═════ Data segment ═════
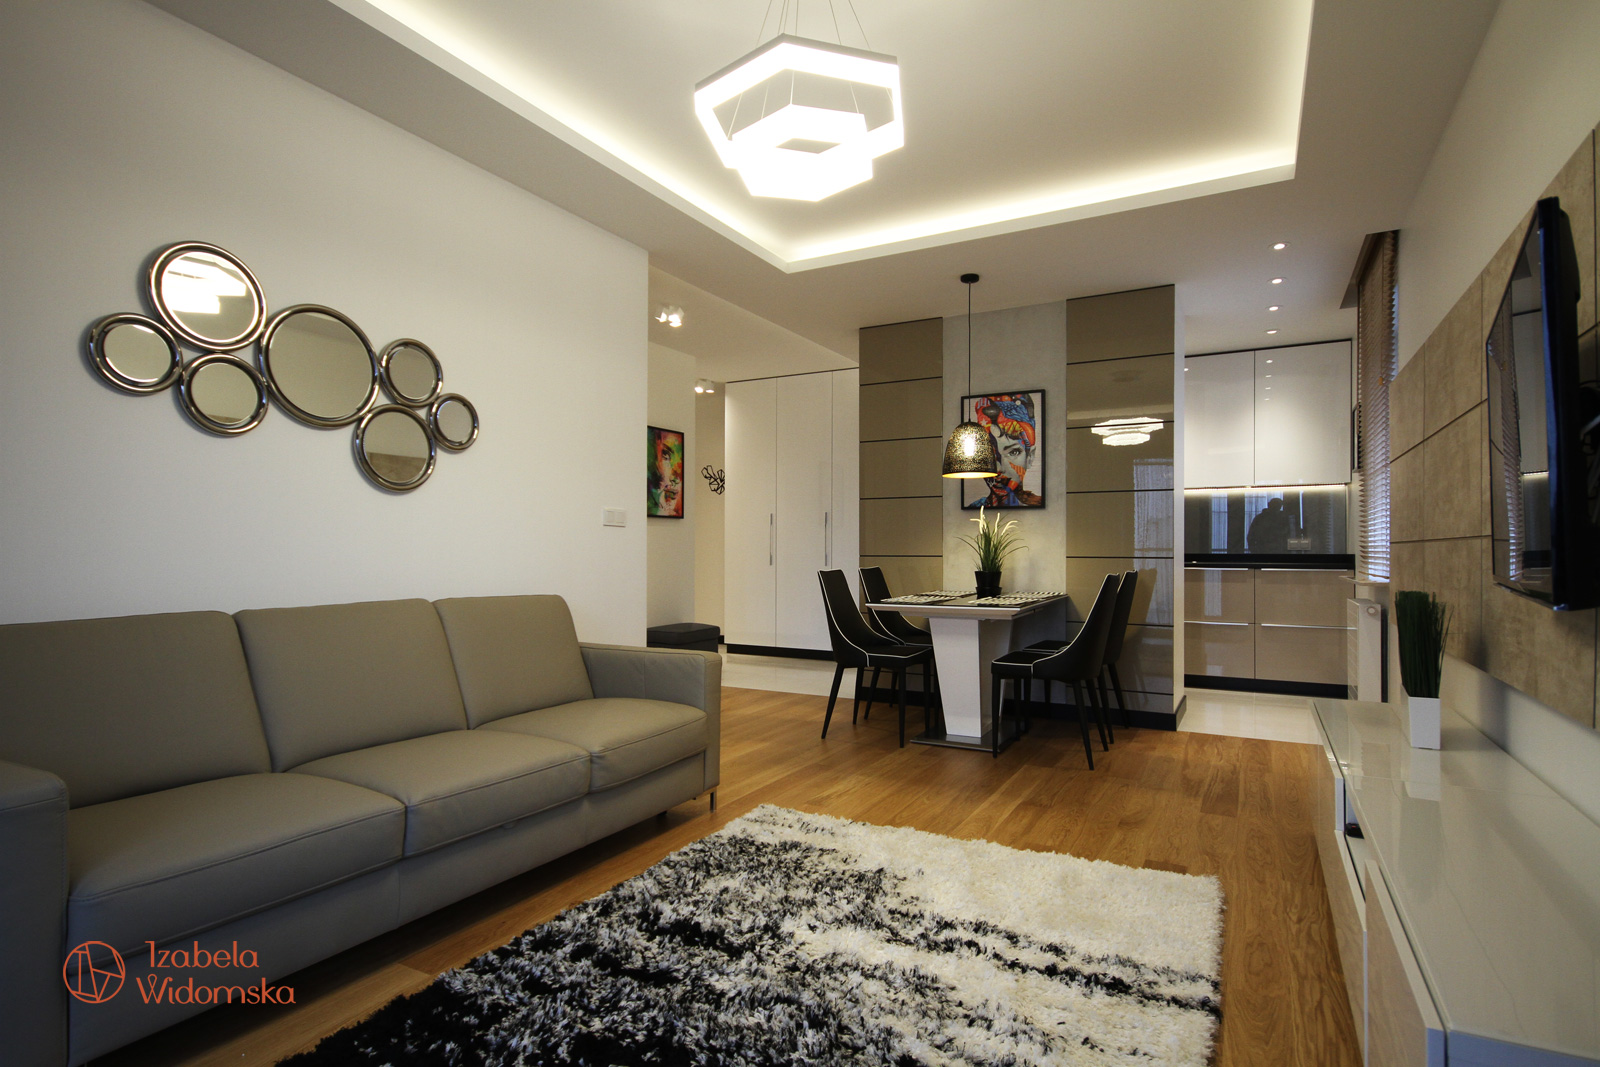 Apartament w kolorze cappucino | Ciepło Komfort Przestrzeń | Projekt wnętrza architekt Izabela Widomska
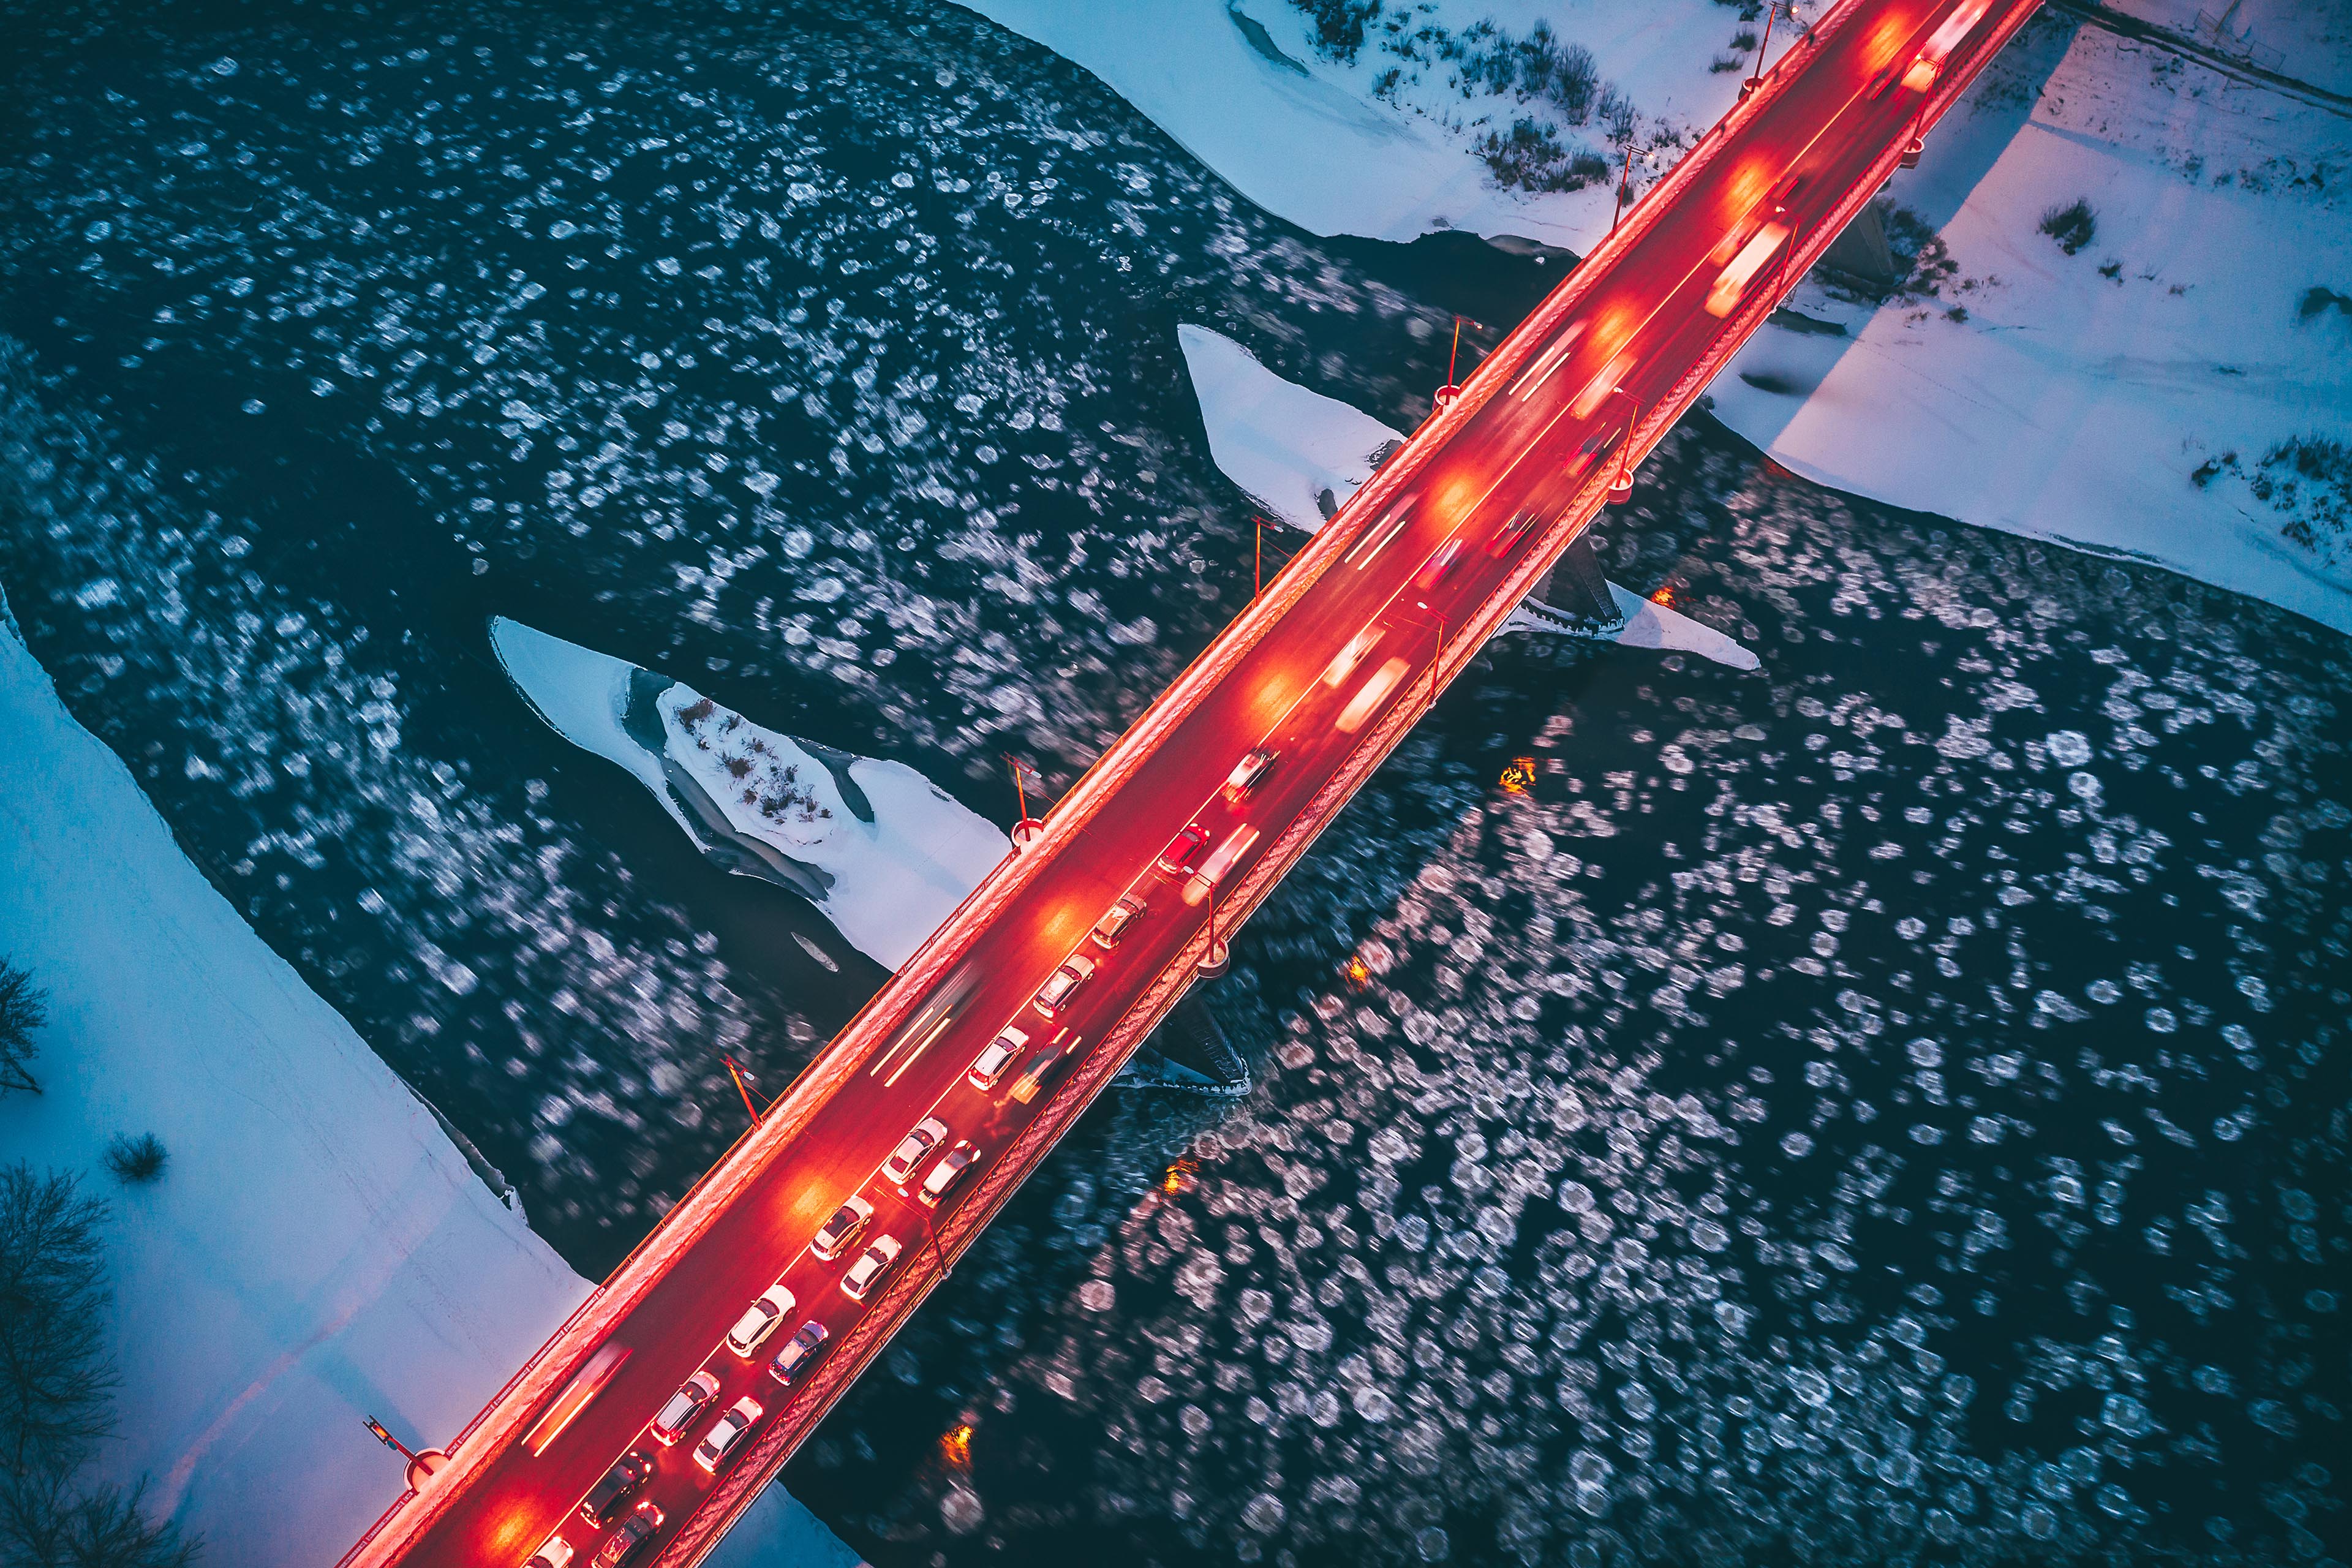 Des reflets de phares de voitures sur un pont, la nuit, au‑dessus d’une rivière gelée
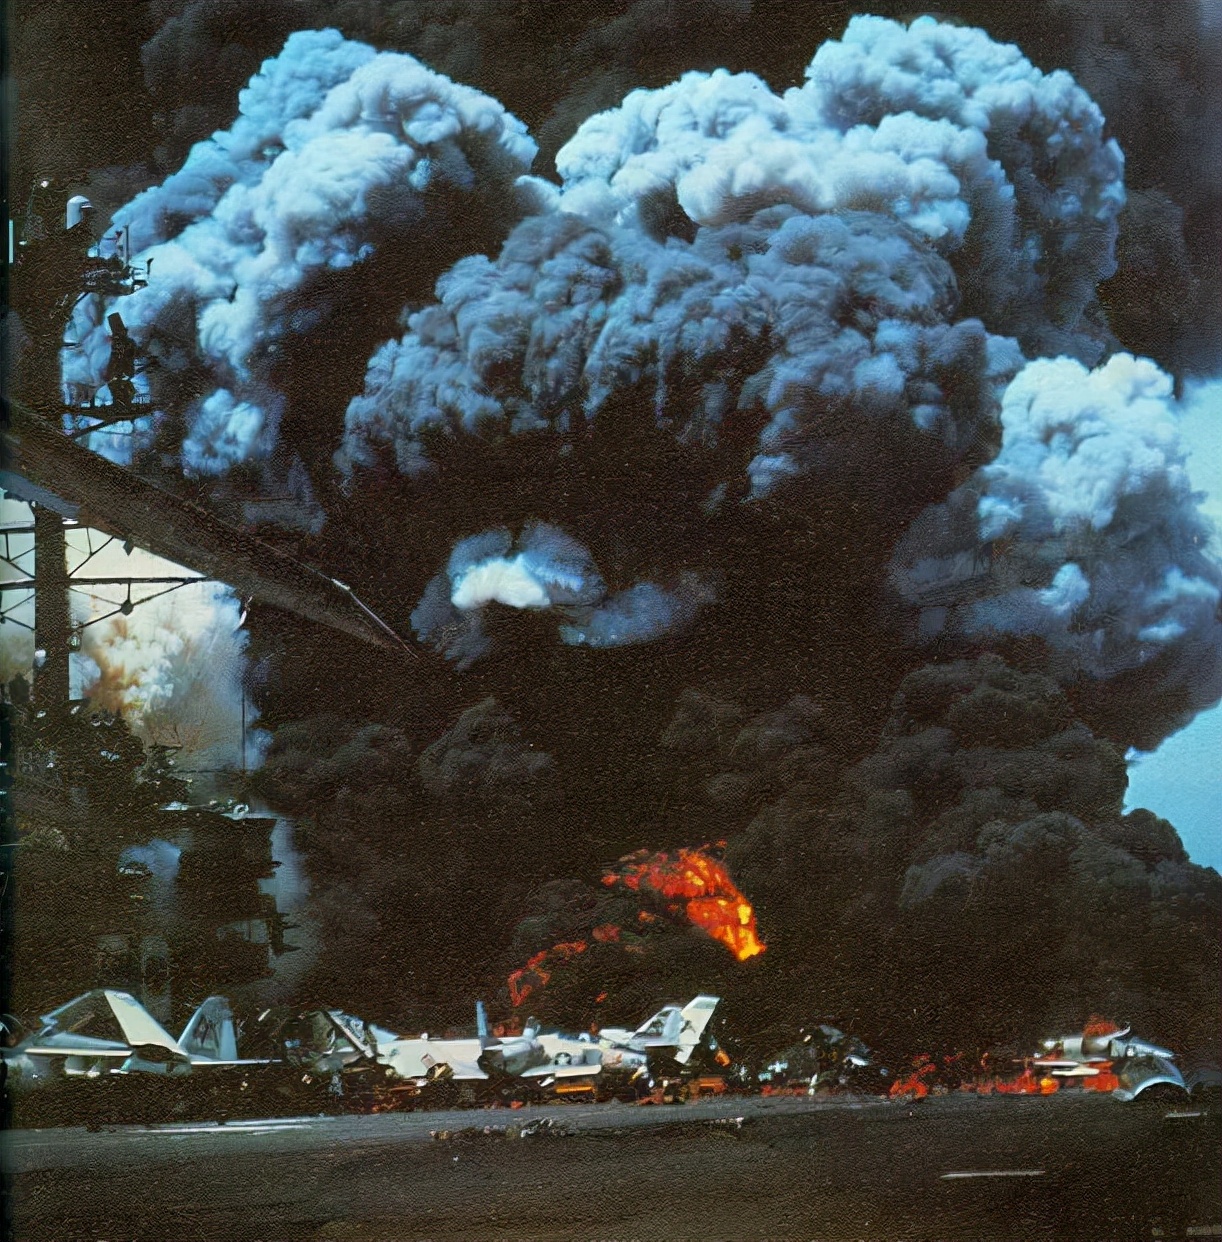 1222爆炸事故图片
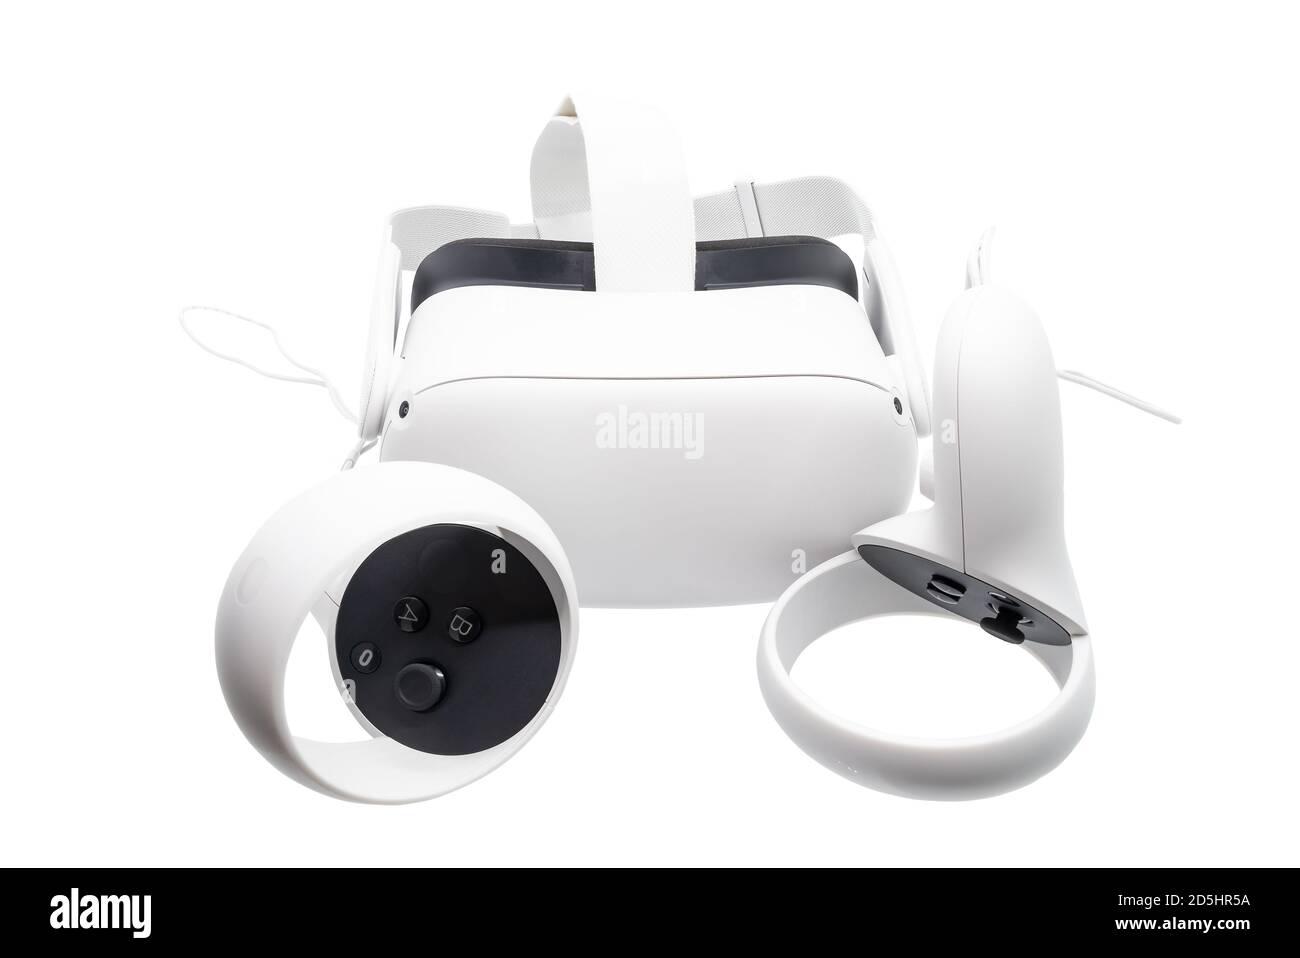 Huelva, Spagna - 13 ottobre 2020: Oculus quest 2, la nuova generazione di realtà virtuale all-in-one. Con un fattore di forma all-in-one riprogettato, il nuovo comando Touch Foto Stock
═════
Exclude the images and reproduce the remaining data exactly.

 Apartament w kolorze cappucino | Ciepło Komfort Przestrzeń | Projekt wnętrza architekt Izabela Widomska
 Des reflets de phares de voitures sur un pont, la nuit, au‑dessus d’une rivière gelée
 1222爆炸事故图片
 Huelva, Spagna - 13 ottobre 2020: Oculus quest 2, la nuova generazione di realtà virtuale all-in-one. Con un fattore di forma all-in-one riprogettato, il nuovo comando Touch Foto Stock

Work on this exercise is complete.